Beer, Beer, Thank God for Beer

Beer.

Beer.

Thank God for beer.

It’s my way of keeping,

my mind fresh and clear —

These are the words to a song my cousin Vance wrote and produced in the 80’s for Cincinnati radio’s WEBN song contest. He was one of the winners, not surprisingly. Because if there’s one thing Cincinnatians love (besides pigs), it’s beer.

We are a town built on German heritage and a large part of that heritage revolves around lager. German lager. Hearty, substantial, Deutsch-born lager. In addition to the pork industry, Cincinnati was a brewing giant in America, with 32 breweries in the city, employing 30-40,000 people in what’s known as Over-the-Rhine. Even the name Over-the-Rhine (which yes-inspired the name of the band) was named so because of beer. The area got its name because some local residents said that crossing over the area canals into the brewery district was like crossing the Rhine River into Germany.

A view of the Over-the-Rhine district. You can see the German influence on its architecture.

I knew some of this from growing up in Cincinnati, but learned even more when I took American Legacy Tours’ Underground Cincinnati tour. I had no idea that there were approximately 100 beer tunnels beneath the streets I’d walked on all my life. I was dying to go down and see one for myself.

Inside the tunnels on the Underground Cincinnati Tour.

They looked much like the bomb shelter  I explored in Manchester, England; the same shape and atmosphere. But the tunnels beneath Cincinnati weren’t used to save lives. They were used to make and store beer. Or maybe they were used to save lives — a German beer city needed its beer. We thrived on it and eventually suffered as the breweries came under attack during Prohibition. That terrible time in history nearly brought Cincinnati to its knees.

We weren’t just beer brewers; we were beer drinkers! An estimated 40-gallons-per-man-woman-and-child-kind-of-drinkers. Making that illegal had to hurt.

And it did.

Long established breweries such as Christian Moerlein, Muhlhauser, and Burger Beer suffered. Others switched to root beer to stay afloat. Some, like Hudepohl and Little Kings, did eventually survive. Cincinnatians are as hearty as their beer.

Now there’s a resurgence in Cincinnati brews. Christian Moerlein just opened again in downtown Cincinnati. Other breweries plan to come back. We’re celebrating our heritage and resurrecting it again. If you’re in Cincinnati and you take the Underground Tour, I’d definitely plan to make a stop afterward to taste the beer. According to my cousin, it keeps the “mind fresh and clear.” And keeps Cincinnati breweries in business. 🙂

13 responses to “Beer, Beer, Thank God for Beer

    • Now this is pure speculation at this point, but there was some talk on the tour about adding a bar or at least a small drinking spot down in the tunnels. (Cincinnati beer, of course.) But the problem is restrooms. They can’t have a drinking establishment without restrooms.

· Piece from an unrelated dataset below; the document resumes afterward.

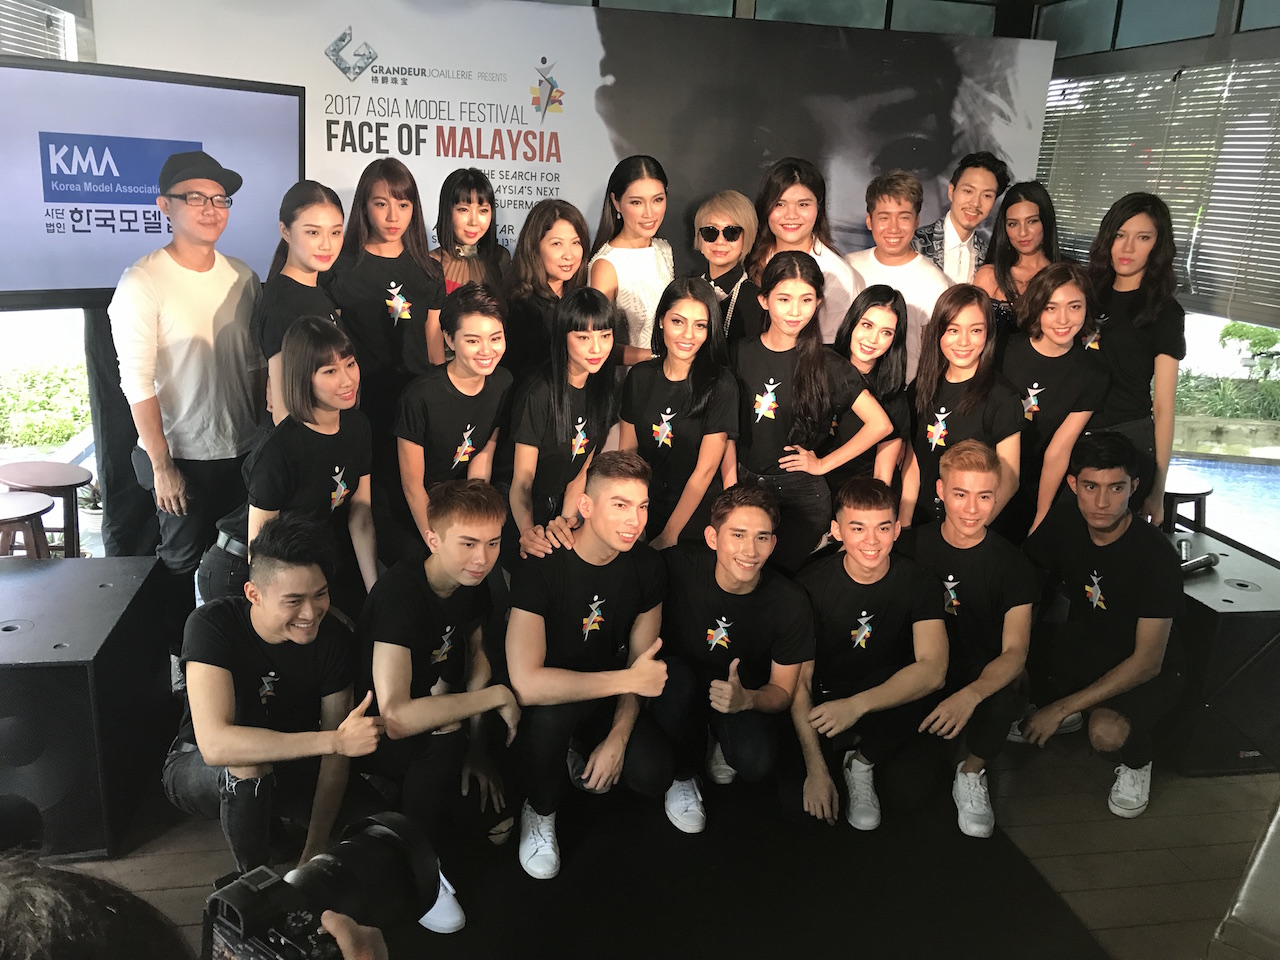 The 18 finalists together with the judges of 2017 Face of Malaysia

    • I guess I never thought about it before. Maybe Ohio does seem like a strange place. Maybe not. I’m not sure whether the location of a brewery has much effect. But I’ll tell you this (which surprised me), we have wineries nearby, too!

  1. Just like you, I’m a beer girl. All of my friends drink wine, and while they’re staring at the ceiling at 2:00 a.m. from a huge sugar rush, my carbs have pushed me into a deep, long sleep. =)

  2. Yay for beer! Living in Milwaukee has turned me into an expert. My girlfriends in other states are like…huh? I always say, “You haven’t had any good beer yet. That’s why you think you don’t like it.” These beer tunnels look neat!

    • Apparently, Cincinnati used to rival Milwaukee as far as brewery towns. I didn’t like beer much when I was younger, but now that I’ve had better beer, it’s definitely become more of a drink of choice.

  3. Pingback: Kentucky Gangsters | Browsing The Atlas·

  4. I may have contacted you before. I loved your cousin’s song. I went to DePauw in Indiana and one of the girls on my floor freshman year had the WEBN ‘album’ with “The Beer Song” on it. Now 36 years later I can still sing the whole song including the beer can opening sound at the end. At one point I had found a recording of the song on the internet. I have since lost the website. Any idea where I could find it again. My version is good but his recording was awesome. Any help you could give would be great.